═══ Information shown

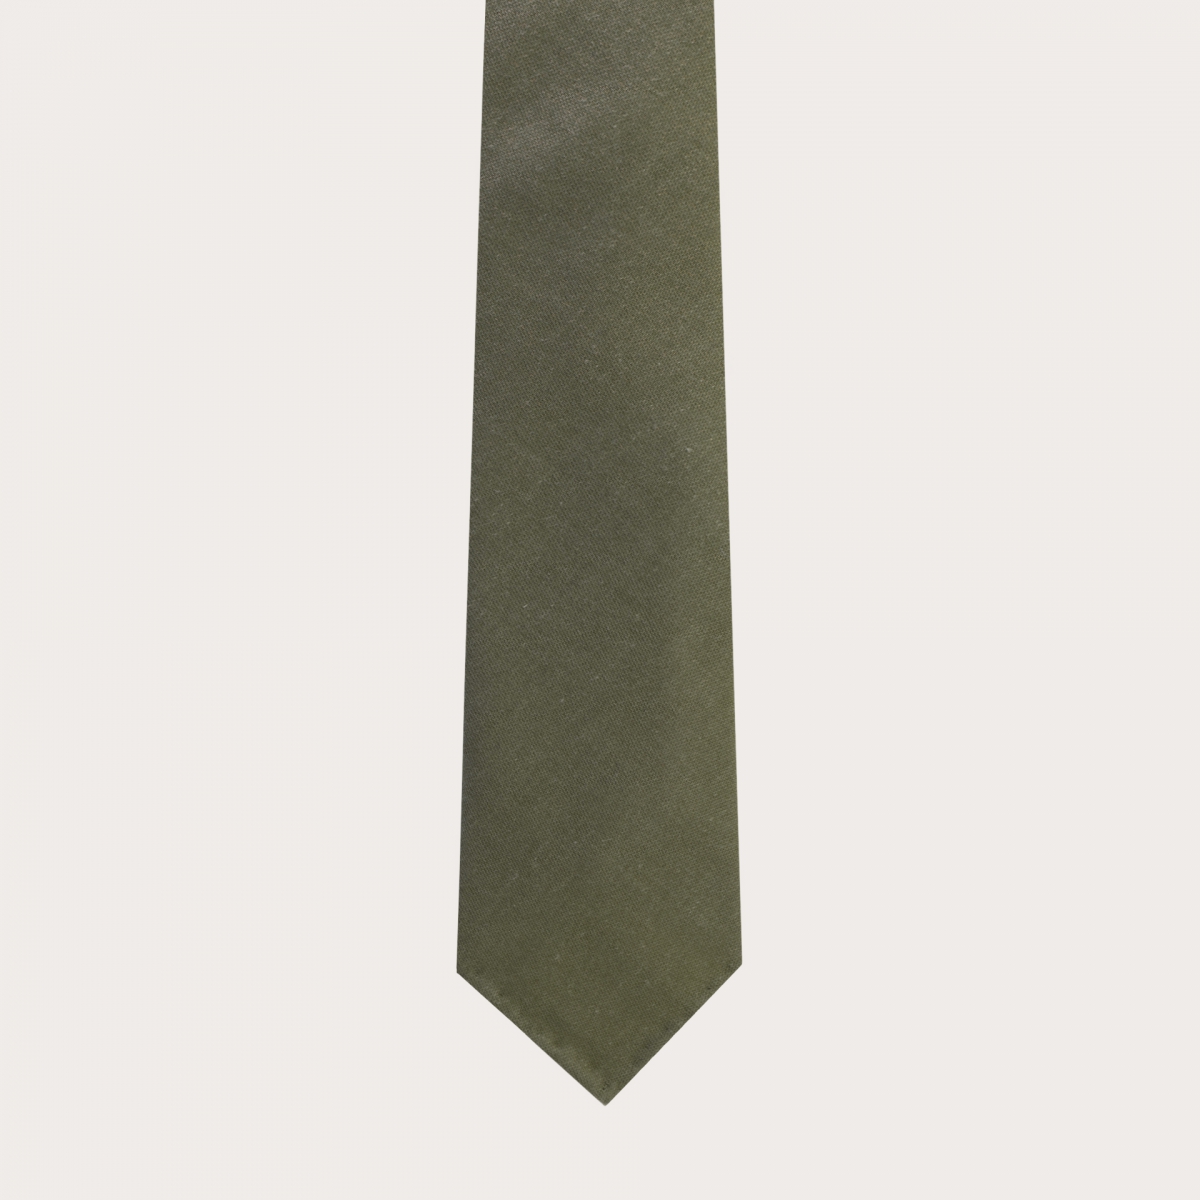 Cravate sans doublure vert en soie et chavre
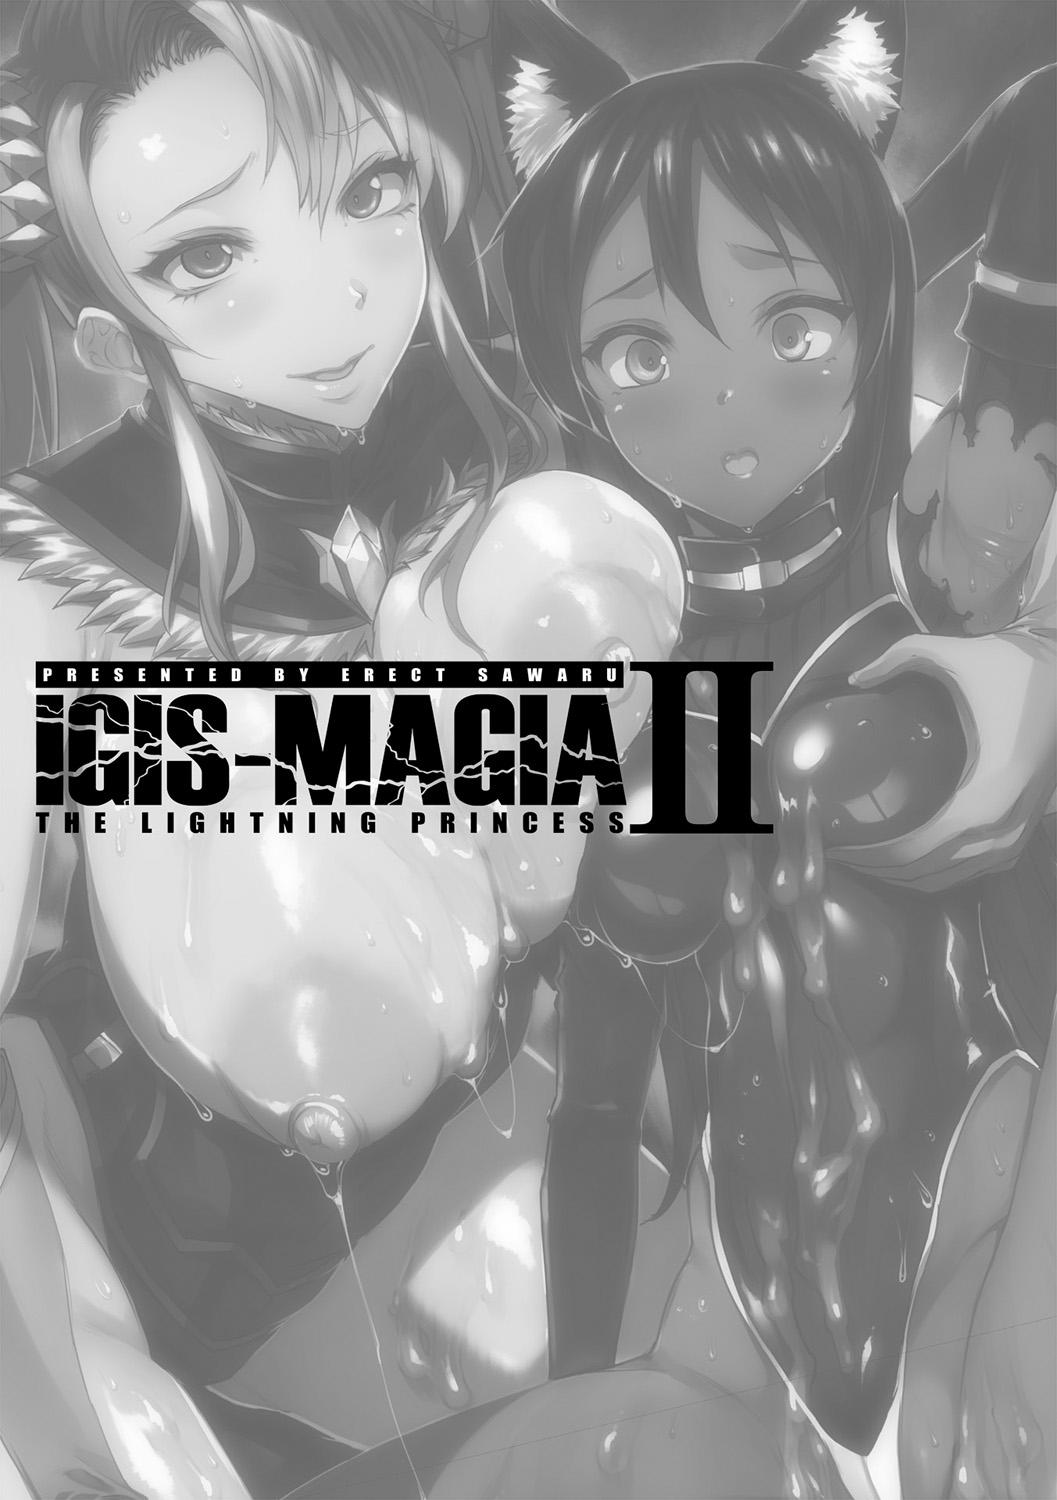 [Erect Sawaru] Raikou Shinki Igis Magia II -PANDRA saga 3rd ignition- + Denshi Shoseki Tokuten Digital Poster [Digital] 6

══════
═══ Information shown

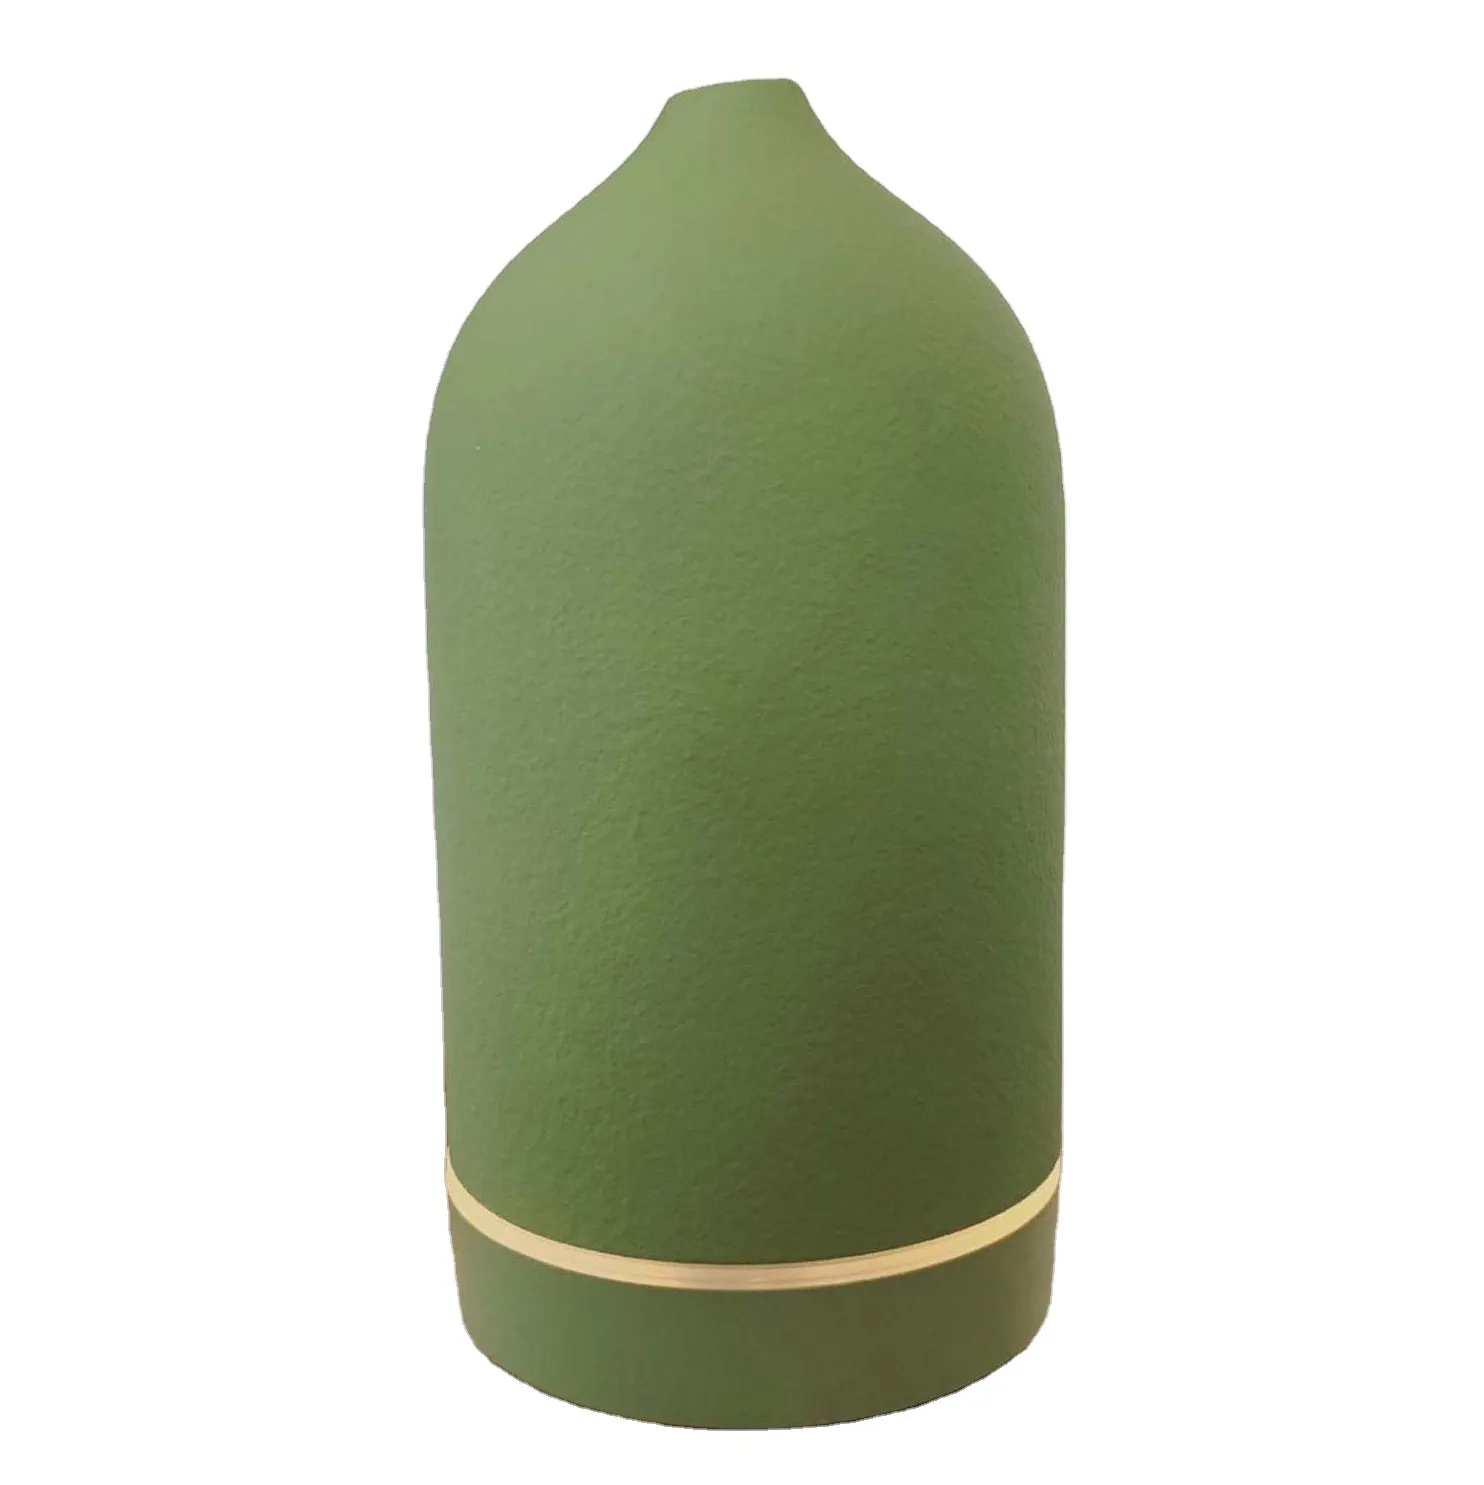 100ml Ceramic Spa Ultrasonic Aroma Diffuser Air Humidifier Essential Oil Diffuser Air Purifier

══════

Starting at the line that contains "Cravate sans doublure vert en soie et chavre" and ending at the line that contains "[Erect Sawaru] Raikou", transcribe the material above exactly, excluding pictures.

 Cravate sans doublure vert en soie et chavre
 [Erect Sawaru] Raikou Shinki Igis Magia II -PANDRA saga 3rd ignition- + Denshi Shoseki Tokuten Digital Poster [Digital] 6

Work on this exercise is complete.